Il primo è la fine di quei percorsi – certo difficili ed imperfetti - di condivisione sovracomunali necessari per il perseguimento di uno sviluppo dei territori che parta appunto da un protagonismo degli stessi, con l'inevitabile indebolimento dei territori rispetto alla dimensione provinciale. Non è più tempo a mio avviso per pensare che i Comuni possano definire le proprie traiettorie di sviluppo fuori da una logica di territorio, e il rischio è quello di una forte disparità tra Comuni e in definitiva un ulteriore indebolimento della loro autonomia. Sono in tal senso profondamente contrario all'idea per cui si vorrebbe riportare tutta la competenza urbanistica in capo ai Comuni.
Il secondo rischio è quello di riconsegnare i Comuni ad un rapporto corpo a corpo con la Provincia, in una interlocuzione impari e fuori da logiche di sviluppo territoriale coerenti e condivise. Certo oggi le Comunità soffrono di riconoscibilità, di autorevolezza, complice la perdita della dimensione politica e l’opera di mistificazione operato dalla Giunta leghista, che nemmeno dopo il grande lavoro delle Comunità durante l’emergenza Covid (servizi di assistenza e di prossimità per anziani e malati, servizi per il diritto alla studio, ecc.) ne hanno valorizzato il ruolo. Ma rimangono una dimensione necessaria per la pianificazione di alcuni settori, urbanistica e sociale in primis, e per l’erogazione di servizi e funzioni che da sempre in Trentino vengono erogati dal livello intermedio.
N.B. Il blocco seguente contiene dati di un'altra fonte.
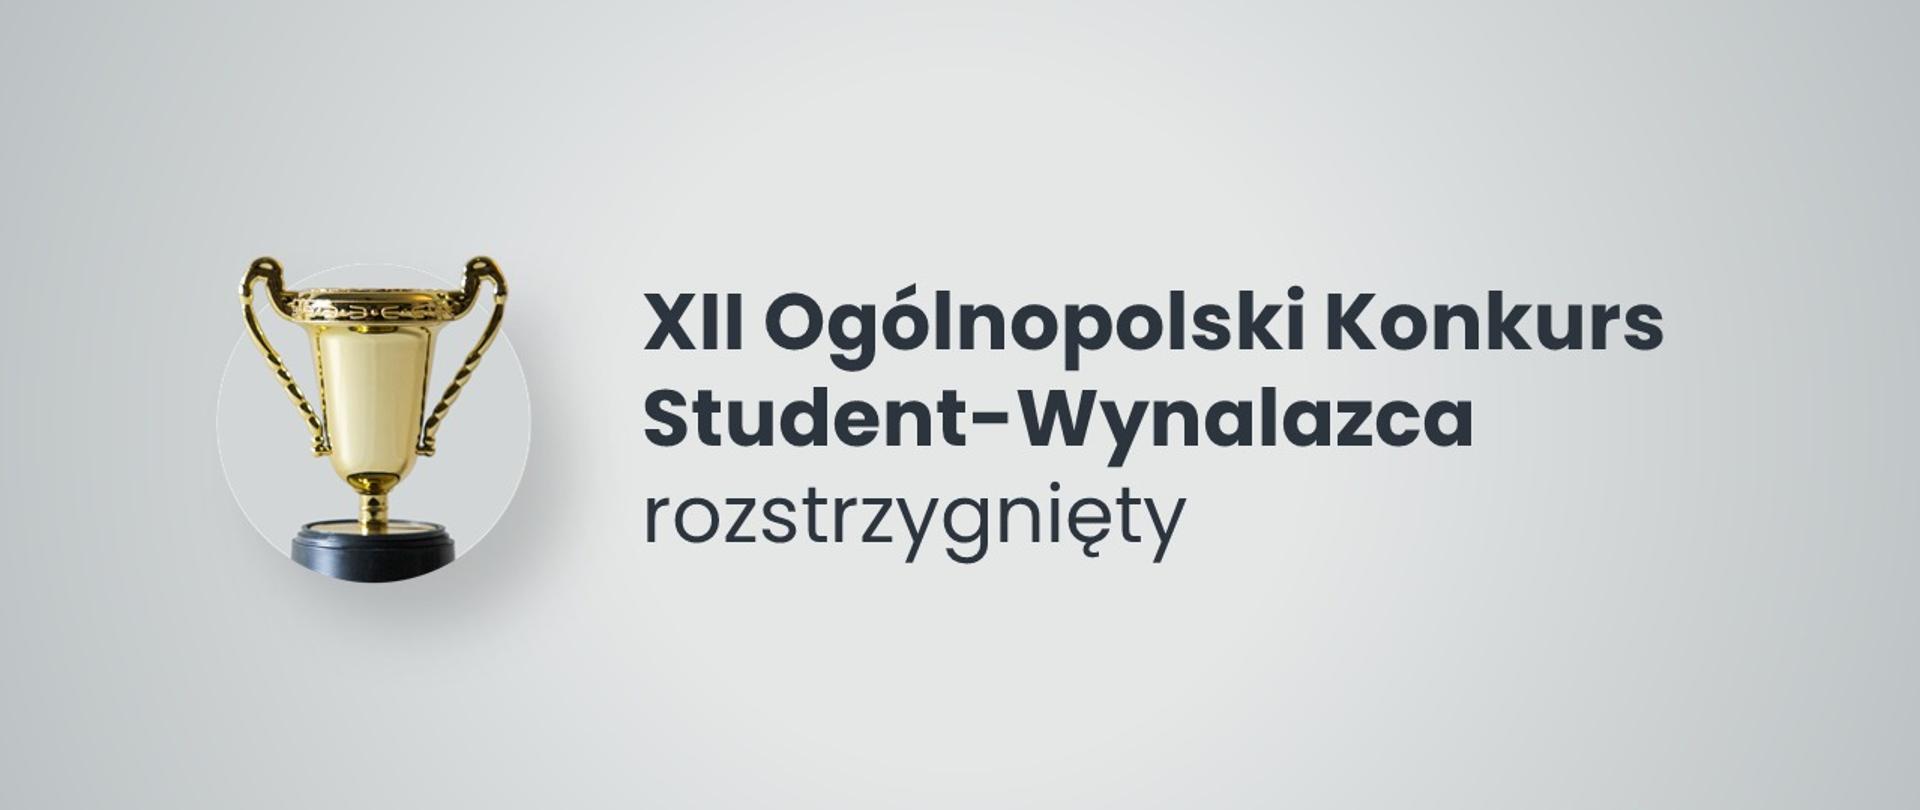 grafika do XII Ogólnopolskiego Konkursu Student-Wynalazca, na środku napis XII Ogólnopolski Konkurs Student-Wynalazca rozstrzygnięty, po lewej stronie puchar.

Per questo sono convinto che le Comunità hanno bisogno di un rilancio, non di una liquidazione, perchè ne ha bisogno la Provincia, ne hanno bisogno i Comuni, ma soprattutto ne hanno bisogno i cittadini.
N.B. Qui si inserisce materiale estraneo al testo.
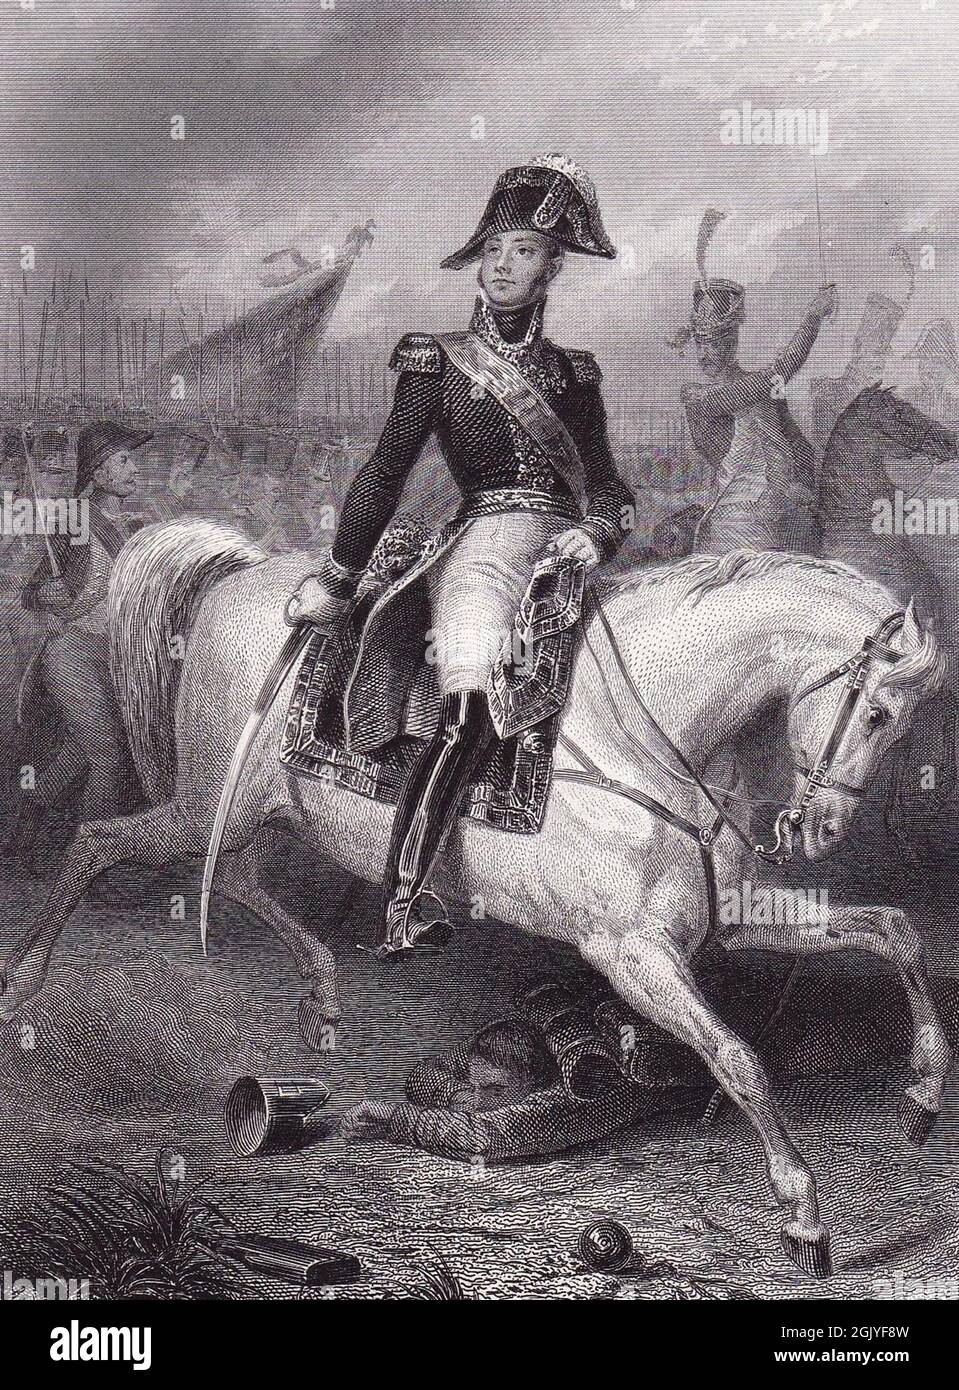 Maresciallo Étienne Jacques MacDonald. Maréchals fidato di Napoleone. Napoleone promosse i suoi uomini solo per merito, non per titolo, che gli diede un esercito formidabile durante le guerre napoleoniche. Foto Stock

Vengo quindi rapidamente al secondo tema lanciato da questo giornale in questi giorni: la crisi di partecipazione alle ultime elezioni comunali. E' abbastanza evidente che l'impennata delle monoliste è sintomo di una disaffezione verso l'amministrazione del bene pubblico prima che di una scarsa incisività delle minoranze, posto che tutti quando si candidano lo fanno con l'ambizione di trovarsi dalla parte che governa. Con questo non va elusa la riflessione sul sistema maggioritario che necessita sicuramente di un correttivo per riportare vita nei Consigli Comunali, ma credo che il primo motivo di questa disaffezione vada ricercato nei costi di questo impegno.
Costi che si misurano in tempo, che un forte riflusso nel privato ci spinge a riservare ad altro; costi in termini di responsabilità che ci si assume; costi in termini di fatica che aumenta esponenzialmente nei Comuni più piccoli a causa delle complicanze burocratiche e del continuo assottigliarsi degli organici. Oltre al riassegnare competenze ai Consigli Comunali, mantenendo l'elezione diretta del Sindaco e la sua facoltà di scegliersi la squadra, ci sono altre due leve che a mio avviso potrebbero invertire questa tendenza.
La prima, semplice e provocatoria viste le azioni in senso contrario di questa maggioranza, è aumentare la dimensione dei Comuni: un elettorato più ampio rende più probabile l'esistenza di una sana dialettica elettorale, permette un allargamento della potenziale classe dirigente e aumenta anche la disponibilità di risorse organizzative. La retorica del “piccolo è bello”, tanto cara alla Giunta Fugatti, di questi tempi si scontra con la stessa capacità dei Comuni di esercitare appieno la propria autonomia ma soprattutto di poter fornire ai cittadini la stessa quantità e qualità di servizi.
La seconda è lavorare per supportare di più i Consiglieri nel loro impegno. Lo si potrebbe fare in due modi: reintroducendo il diritto dei consiglieri ad un permesso lavorativo per la preparazione e la partecipazione ai Consigli, così da non rubare il tempo necessario solo alla famiglia o alle proprie passioni; potenziare il servizio di consulenza del Consorzio dei Comuni per i consiglieri, fornendo quelle competenze giuridiche ed amministrative sulle quali anche la più vocata buona volontà dei consiglieri rischia di spegnersi.